Reader Mail -
Attilla from Norway (I'm quoting directly here so excuse the spelling) asks the following in reference to an article I posted about building a SQL Reporting Services report around a stored procedure:
**
I am trying to conect query varuabels into layout problem is follows
My stored procedure ask tabelname and it shows the data of a tabel given as parameter lets say @tabel
data set works fine. problem is to show on preview there is no field generation by running the stored procedure.my stored procedure is as follows
CREATE PROCEDURE ShowTable @tabel varchar(100)
AS
DECLARE @sSQL NVARCHAR(255)
SET @sSQL = 'SELECT * FROM ' + @tabelEXEC sp_executesql @sSQL
GOit shows tabel contens when you give the tabel name as input parameter
But i cant make a layout for to show the result on Report services.
So query connectivity to layout doesnt work for me. (You have mentioned on your article about using storedprocedure on reporting services)
I hope you can help me to solve this problem and i am sure many out there need this solution.
This approach to using stored procs, while tempting, is not recommended for a couple of reasons. First of all, the query optimizer can't figure out the best execution plan - and it's also a headache for Reporting Services engine to try to figure out the columns.

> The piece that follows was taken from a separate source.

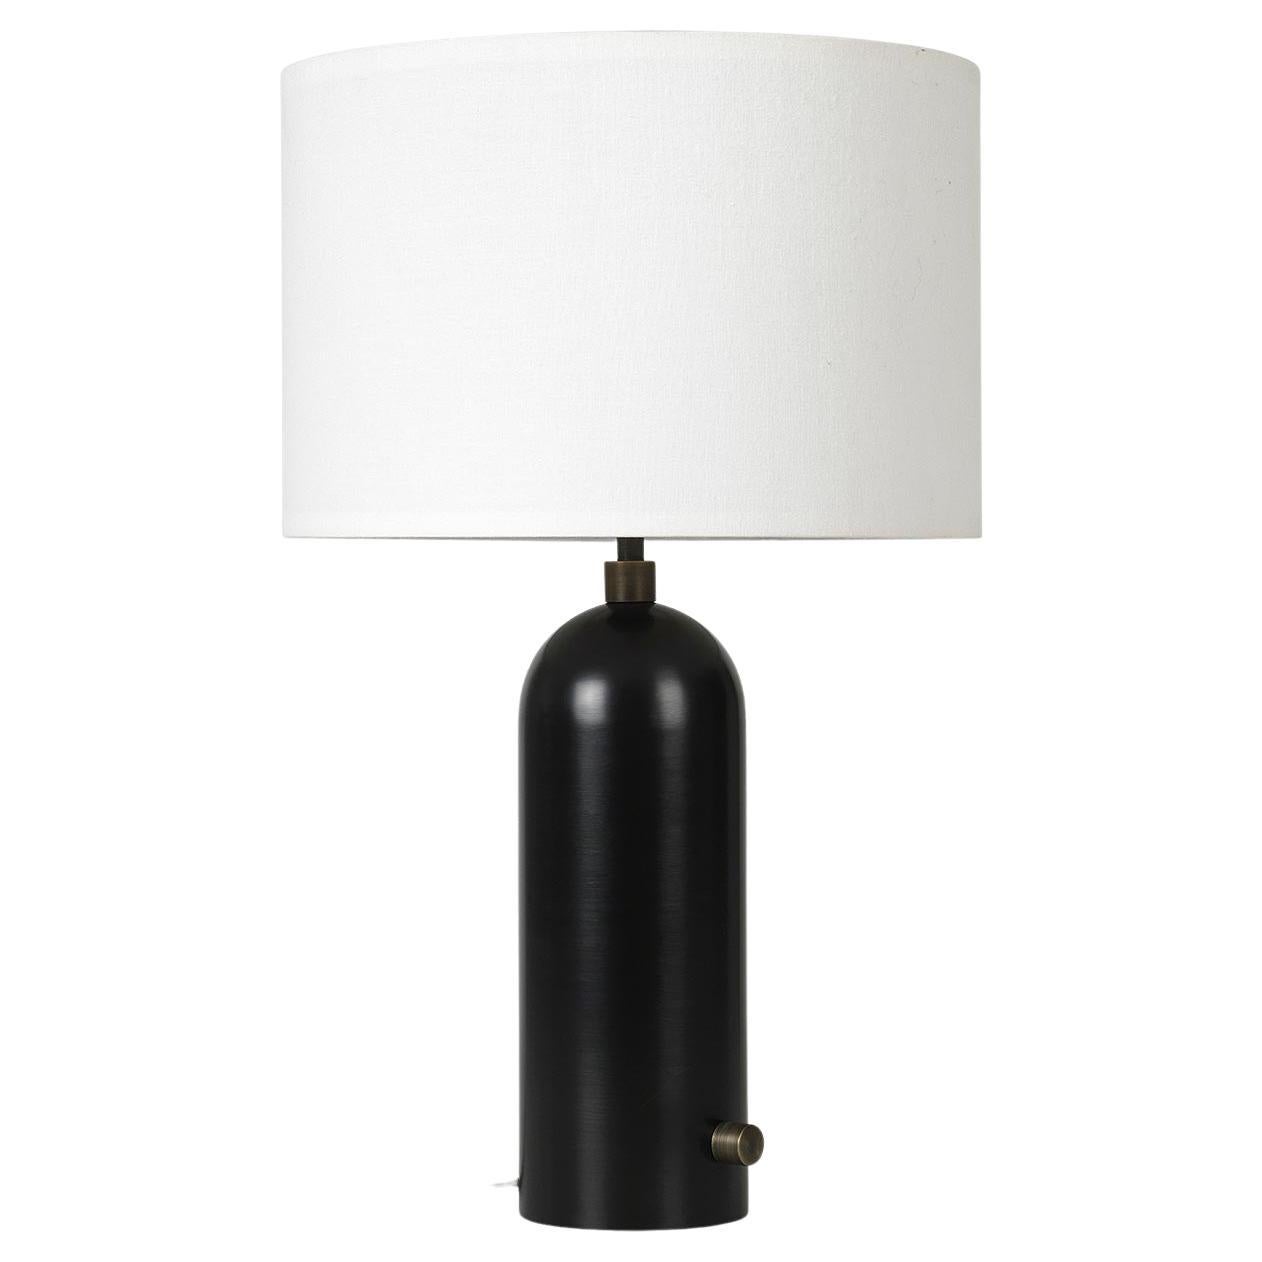 Gravity Table Lamp - Small, Blackened Steel, White For Sale
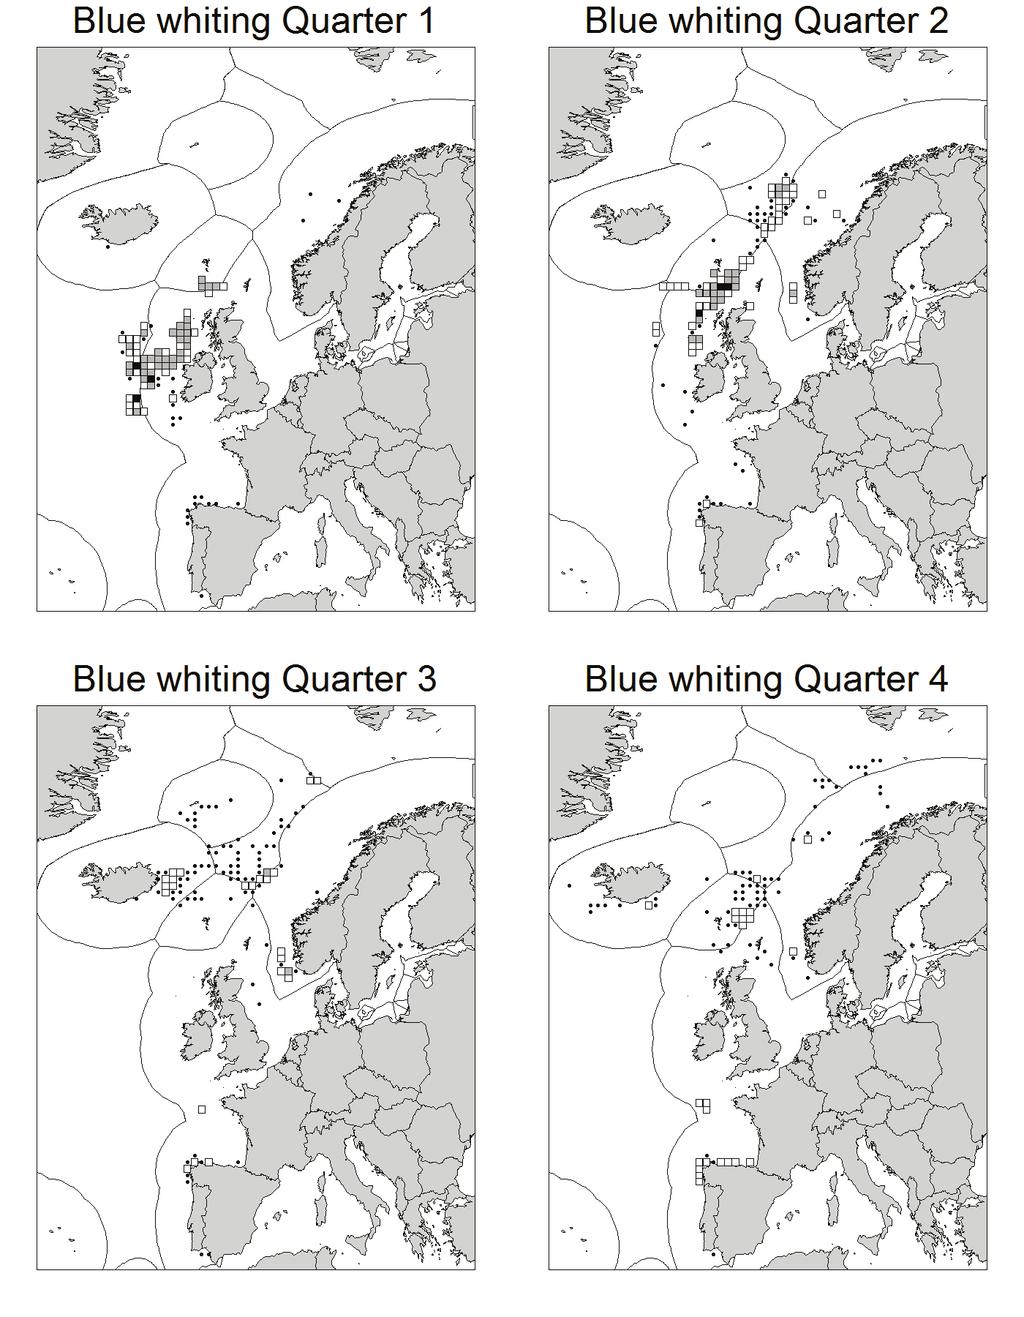 ICES WGWIDE REPORT 20133 459 Figure 8.2.3. Blue whiting total catches (t) in 2012 by quarter and ICES rectangle.

But I feel the biggest reason not to develop stored procs like this is because it leaves you vulnerable to SQL injection attacks.
In other words, if you run this statement, it works as you expect it to:
EXEC ShowTable 'Products'
However, imagine if somehow someone got this to run:
EXEC ShowTable 'Products Drop Table Products'
What do you think would happen? It will select the records and then drop the table! And dropping a table is just a start to the problems they could cause in your database.
In general, building a stored procedure so it returns the same columns each time is a better idea, even if you have to build one or more for each table. This type that builds a SQL statement and executes it is just not a good idea.